Он взял жену на руки, понес на кровать.

– Голова… – слабым голосом прошептала она. – Что-то голова закружилась…

– Приляг. Тебе вредно нервничать. Дорога вымотала тебя, ты устала. И поесть тебе надо. Сейчас я что-нибудь придумаю.

– Нет, – Тая поймала мужа за руку, – не уходи. Побудь рядом. Мне так хорошо рядом с тобой, – с застывшими, готовыми вот-вот хлынуть слезами она стала целовать его руки. – Я так соскучилась… Только не кричи на меня. И не гони.

Обнарову стало стыдно и неудобно и за свою грубость, и за свою глупость, и за эту чистую, трогательную ее нежность.

– Как ты могла подумать, что я не люблю тебя? Милая моя, нежная моя, родная моя, я люблю тебя так сильно, что щемит сердце. Я просто… Я просто немного не отошел от материала. Я все еще цепной пес. И я очень боюсь за тебя. Я должен знать, что ты в безопасности, а не разъезжаешь по зимним скользким дорогам. Понимаешь? Мне тридцать пять. Я очень хочу, чтобы у нас был ребенок. Мне это нужно. Я очень жду этого.
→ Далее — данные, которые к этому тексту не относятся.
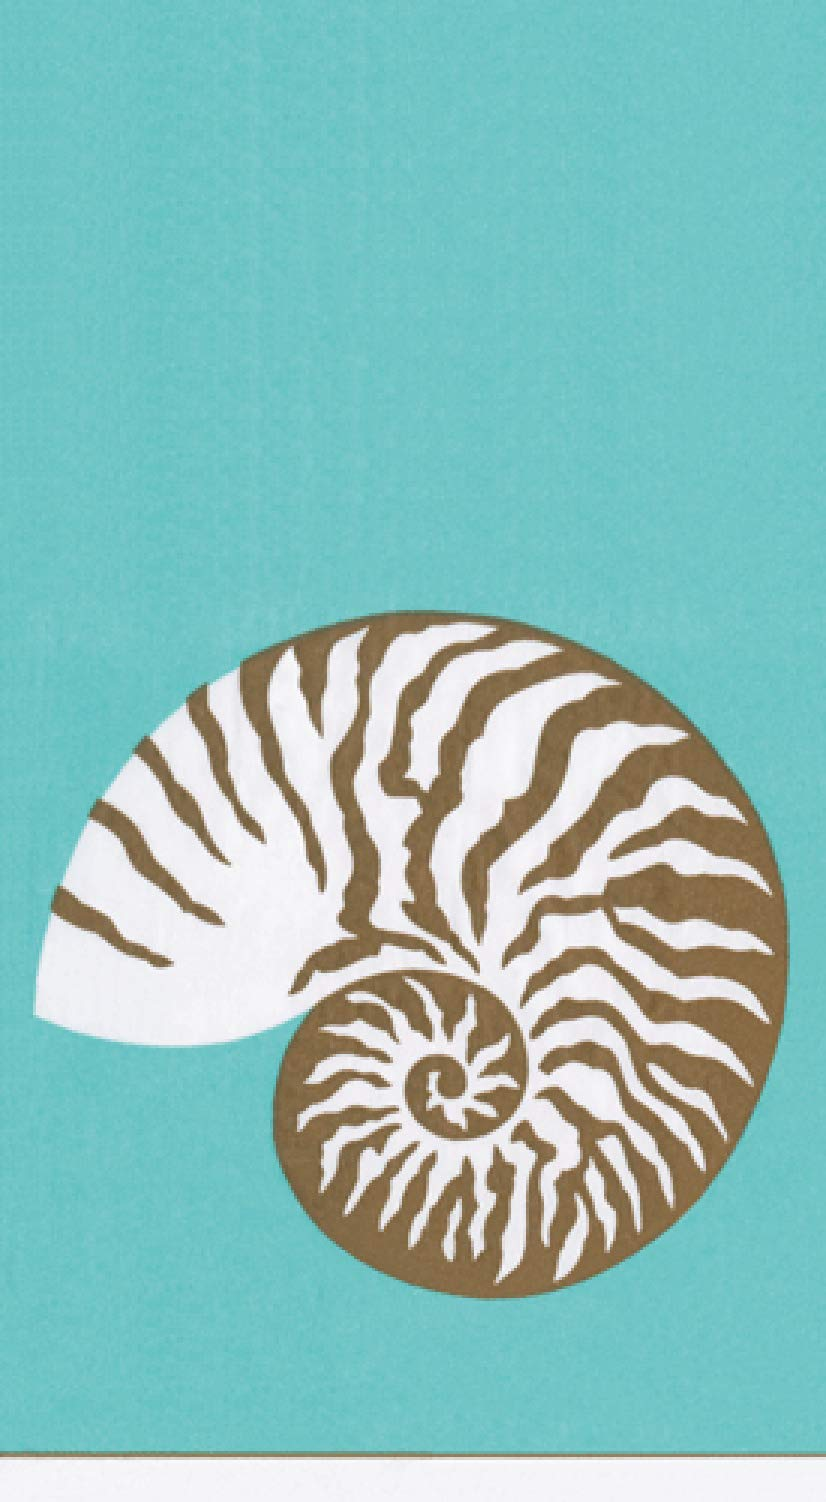 Caspari 3-Ply Paper Nautilus Turquoise, 15 Count Guest Towel Napkins, Set of 2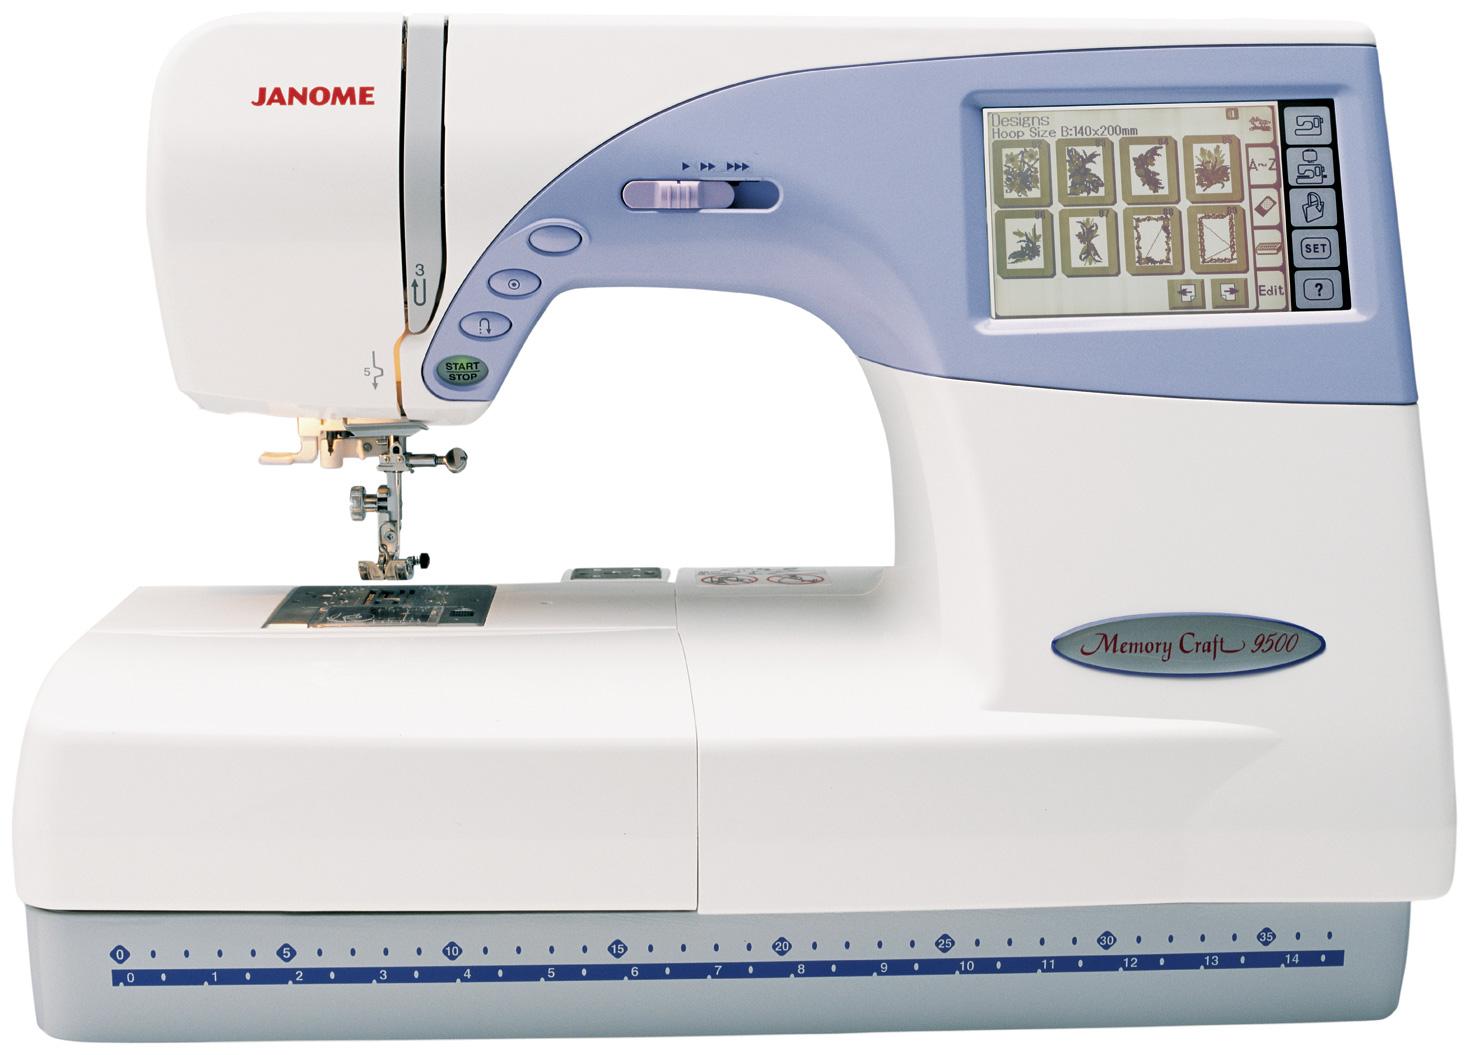 Janome memory craft 9000 - Janome Memory Craft 9500 Fs Computerized Embroidery Sewing Machine

Ты – мое счастье! Я не могу жить без тебя. Мне никто, кроме тебя, не нужен ни на ночь, ни вообще. Понимаешь?! Никакие бабы… В разлуке с тобой я тоскую. Ты снишься мне. Я просыпаюсь и целую твою фотографию. Я звоню тебе, и у меня слезы на глазах от нежности к тебе. Я…

Обнаров запнулся, спазм перехватил горло.

– Прости меня, – наконец выдохнул он и спрятал лицо на ее груди.

Ладошкой она вытерла слезы.

– Ты никогда мне этого не говорил.

Вымотанная дорогой, переживаниями, она вскоре уснула.

Тая проснулась оттого, что он осторожно трепал ее по щеке.

– Сонечка, просыпайся!

– Костя, что случилось? Почему ты собрал вещи?

– Мы уезжаем. Вернее, переезжаем.

– Куда?

– Туда, где действительно тепло и уютно. Здесь нельзя оставаться, иначе ты простынешь.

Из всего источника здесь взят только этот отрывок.